Edited by humans. Written by AI. How our editing works
BUZZRAGNews. Trends. Ideas — distilled in minutes.
All articles

Does AI Understand Things, or Just Predict Words?

The "AI just predicts tokens" argument is technically true—but is it the whole story? A murder mystery with fake physics might hold the answer.

Yuki Okonkwo

Written by AI. Yuki Okonkwo

June 5, 20267 min read
Share:
A minimalist design featuring a circuit-board styled lightbulb icon above blue text on black background with audio waveform…

Photo: AI. Zephyr Cole

"It's just predicting the next token." You've heard this one. It's the go-to deflation move when AI does something impressive—a kind of rhetorical cold water. And here's the thing: it's technically accurate. Large language models do operate by predicting the next token in a sequence, over and over, until an answer emerges. The mechanism is real.

But Daniel Miessler, host of the Unsupervised Learning channel, has a problem with how that fact gets deployed—and he makes a case that the dismissal is doing a lot more work than the mechanism actually supports.

The autocomplete framing is doing something sneaky

Miessler's first move is to reframe what "completing text" actually means in practice.
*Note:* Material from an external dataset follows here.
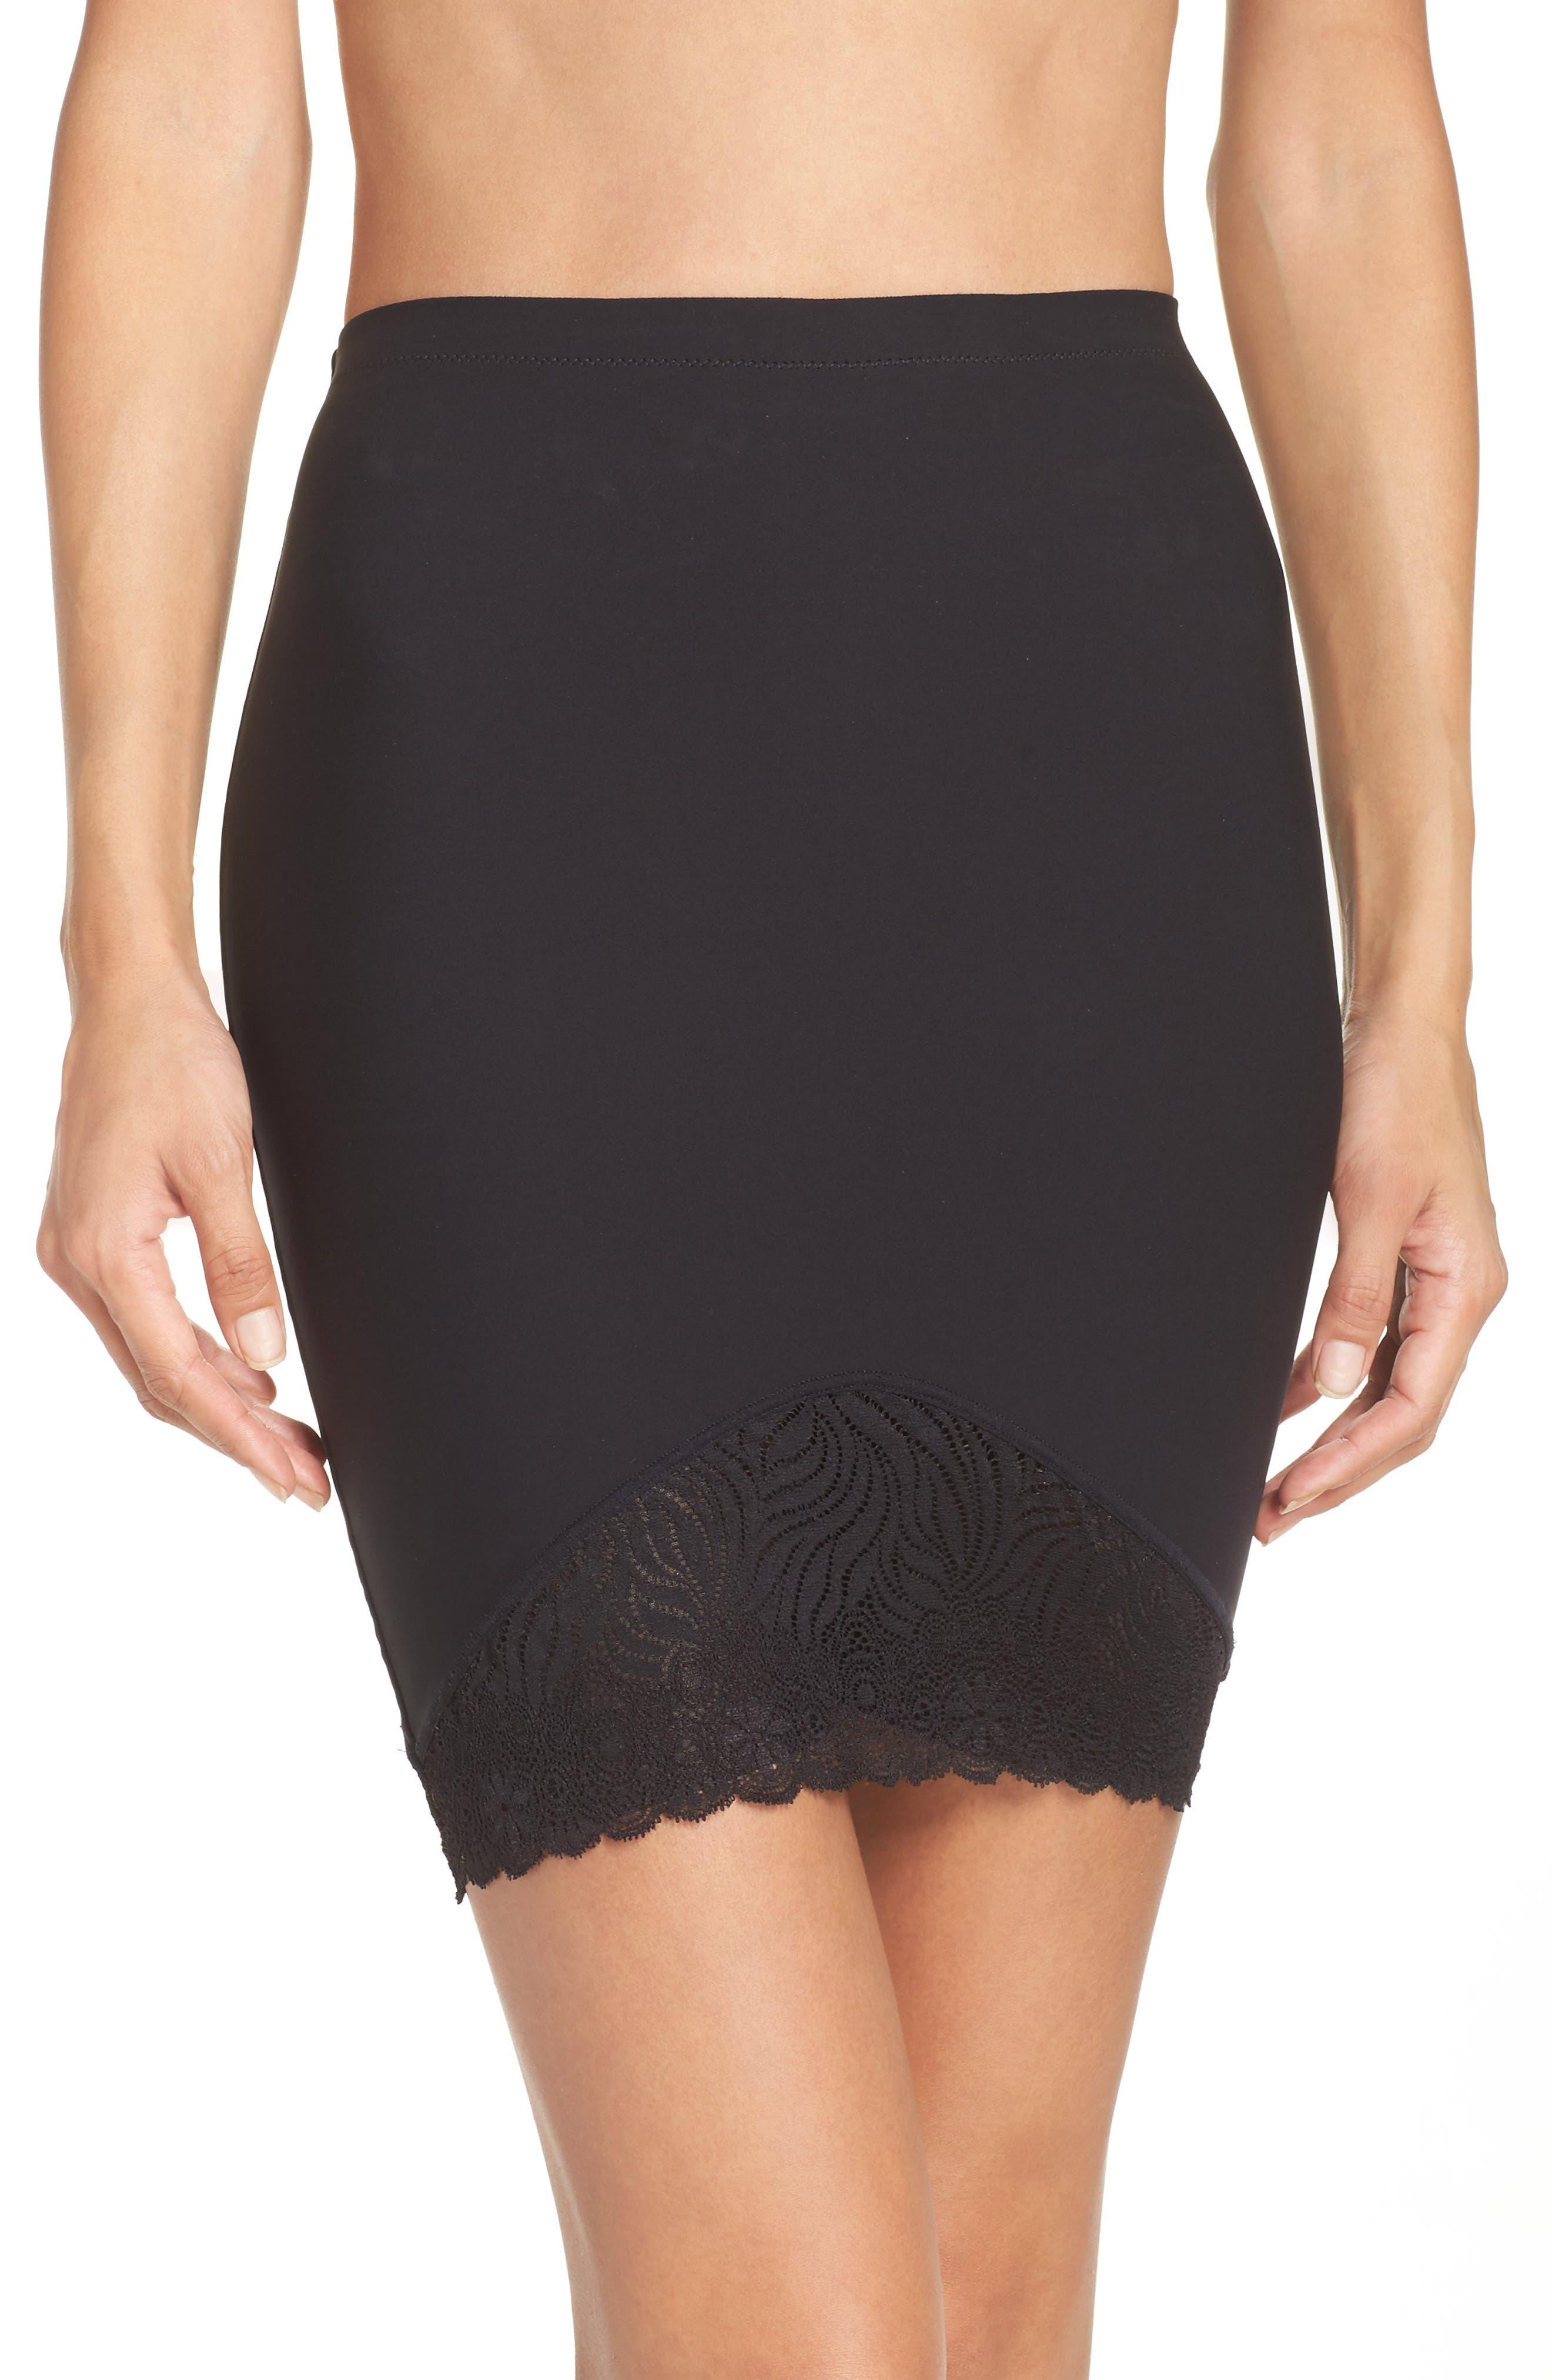 Top Model High Waist Skirt Shaper,                             Main thumbnail 1, color,                             001
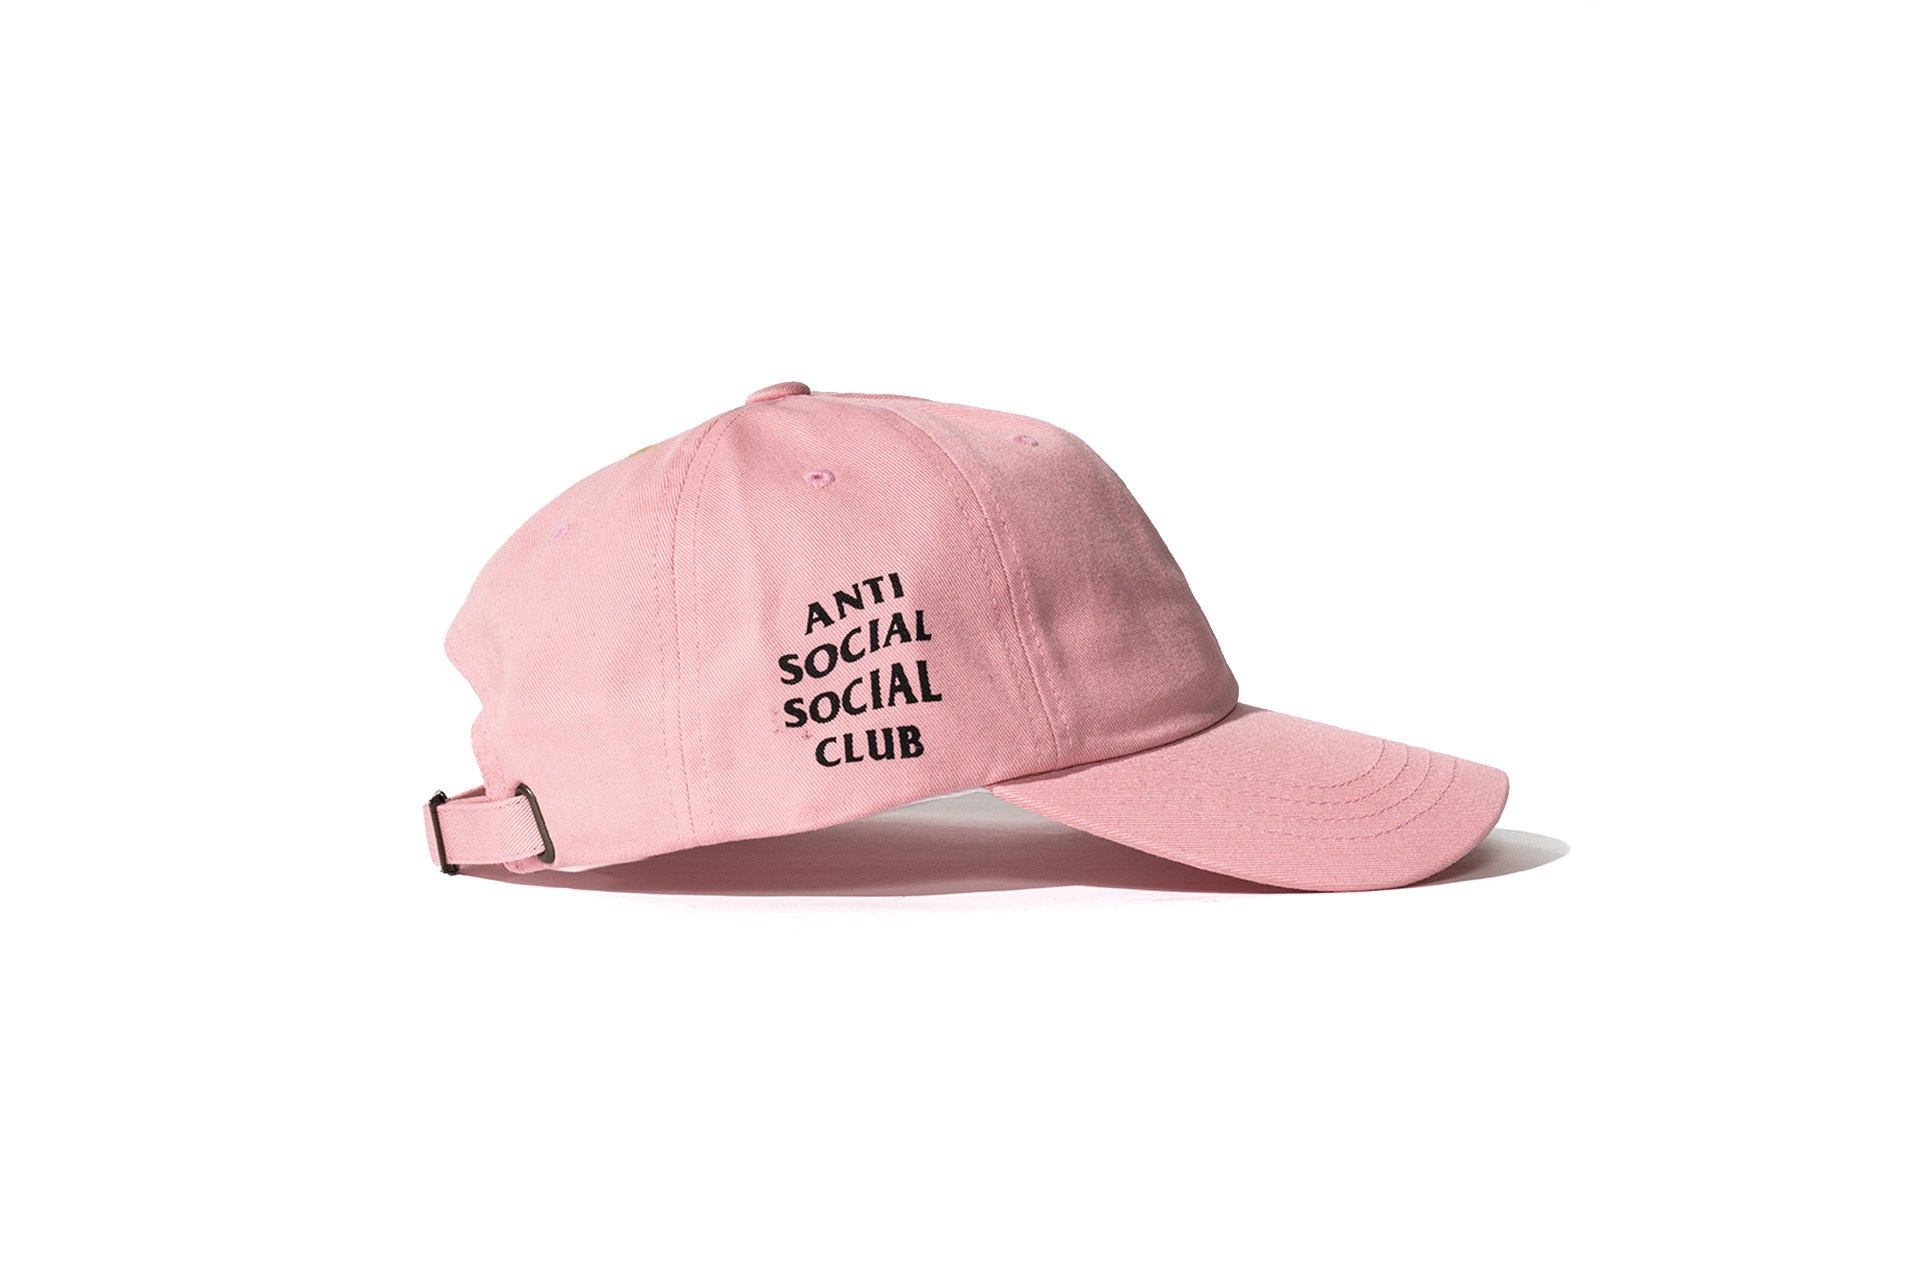 anti-social-social-club-collection-2017-spring-summer-63

When you ask an LLM to identify a murderer in a mystery story, it isn't completing a random string of words—it's completing the answer to your question. That's a subtle but non-trivial distinction.

"AI is not predicting the next word in a random string of text," he argues in the video. "It's predicting the next word in the answer to what you asked it. Or said differently, AI does autocomplete for answers."

This is where the standard dismissal starts to wobble. If the model is specifically producing the answer to novel questions, the obvious follow-up is: how is it arriving at the answer in the first place? The "just autocomplete" frame sort of assumes that question away rather than answering it.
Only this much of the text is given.